- _RECORDS PROVIDED_:
▼

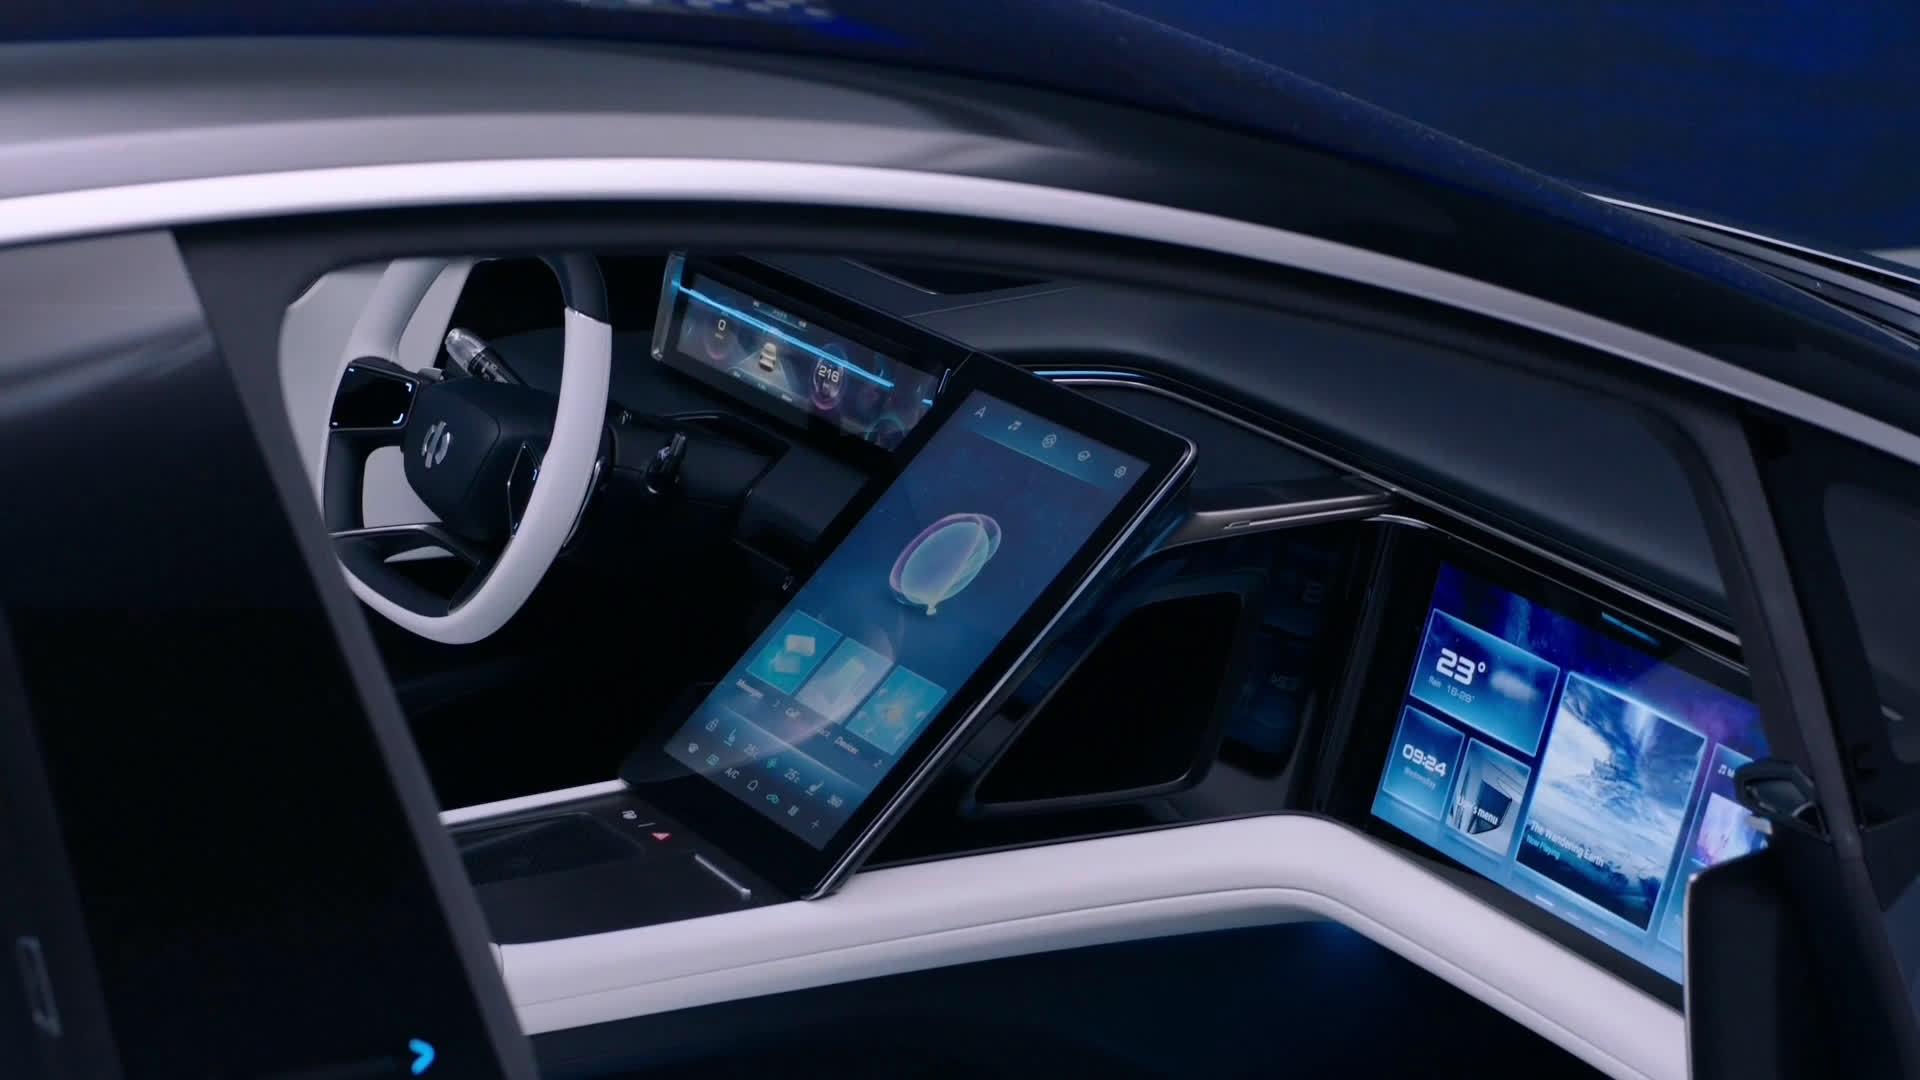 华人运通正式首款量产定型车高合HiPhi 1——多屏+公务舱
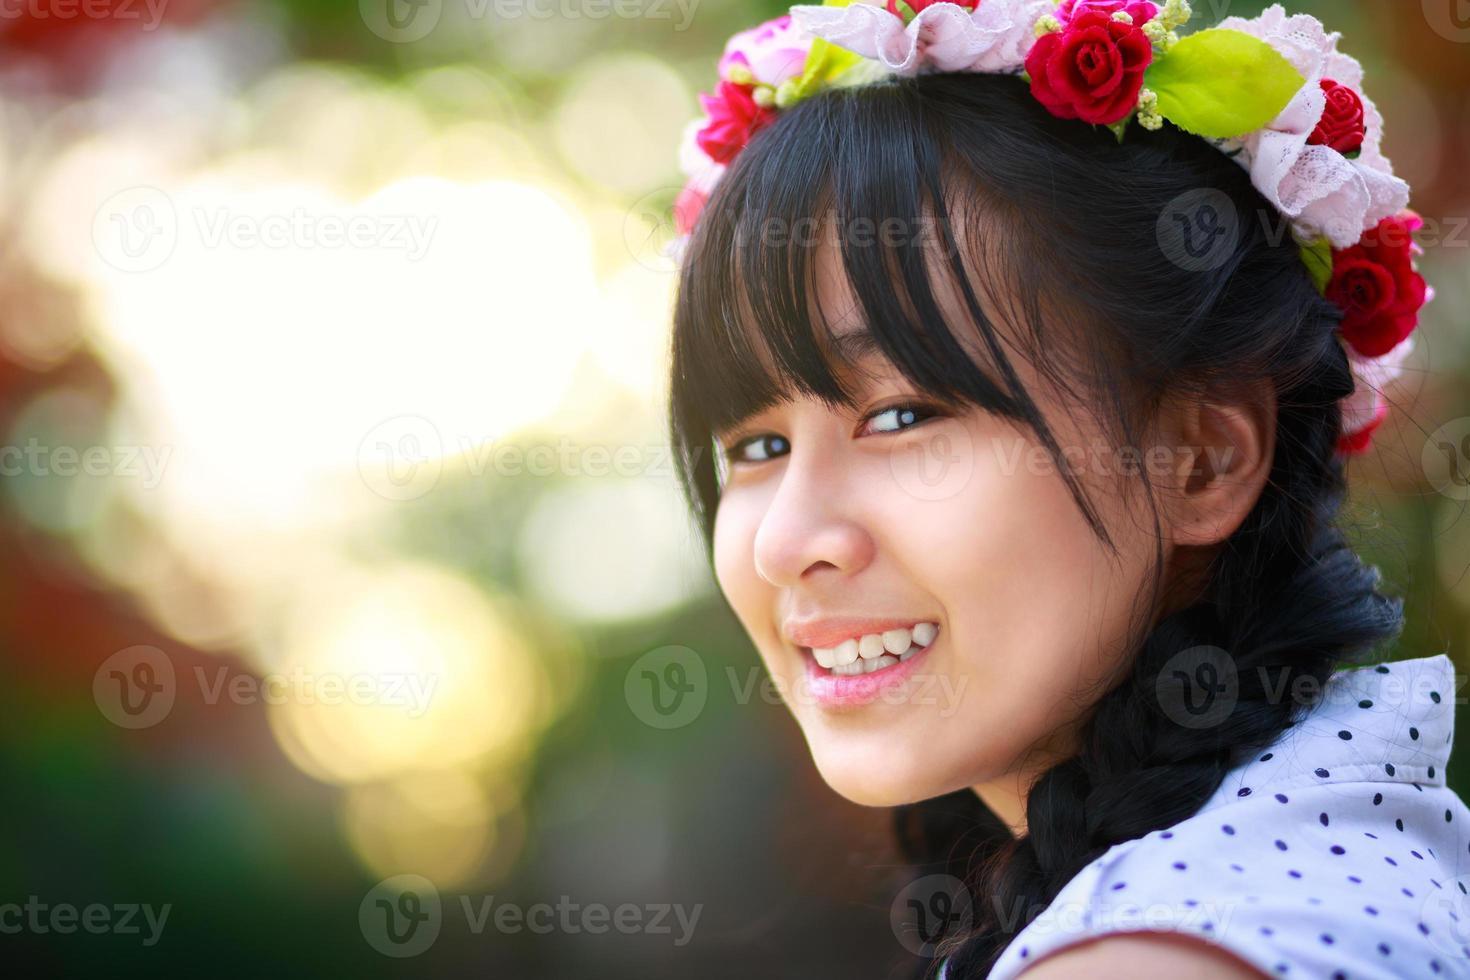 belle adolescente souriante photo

▲
▼

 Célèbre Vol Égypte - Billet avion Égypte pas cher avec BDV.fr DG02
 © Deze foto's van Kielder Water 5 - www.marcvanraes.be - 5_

▲
▼

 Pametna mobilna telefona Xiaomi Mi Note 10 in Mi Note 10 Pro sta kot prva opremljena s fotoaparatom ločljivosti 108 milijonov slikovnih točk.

▲

In the listing above, locate the line containing "Célèbre Vol Égypte" and the line containing "www.marcvanraes.be - 5_". Extract those two lines and every line between them, exactly as written, and only those.

 Célèbre Vol Égypte - Billet avion Égypte pas cher avec BDV.fr DG02
 © Deze foto's van Kielder Water 5 - www.marcvanraes.be - 5_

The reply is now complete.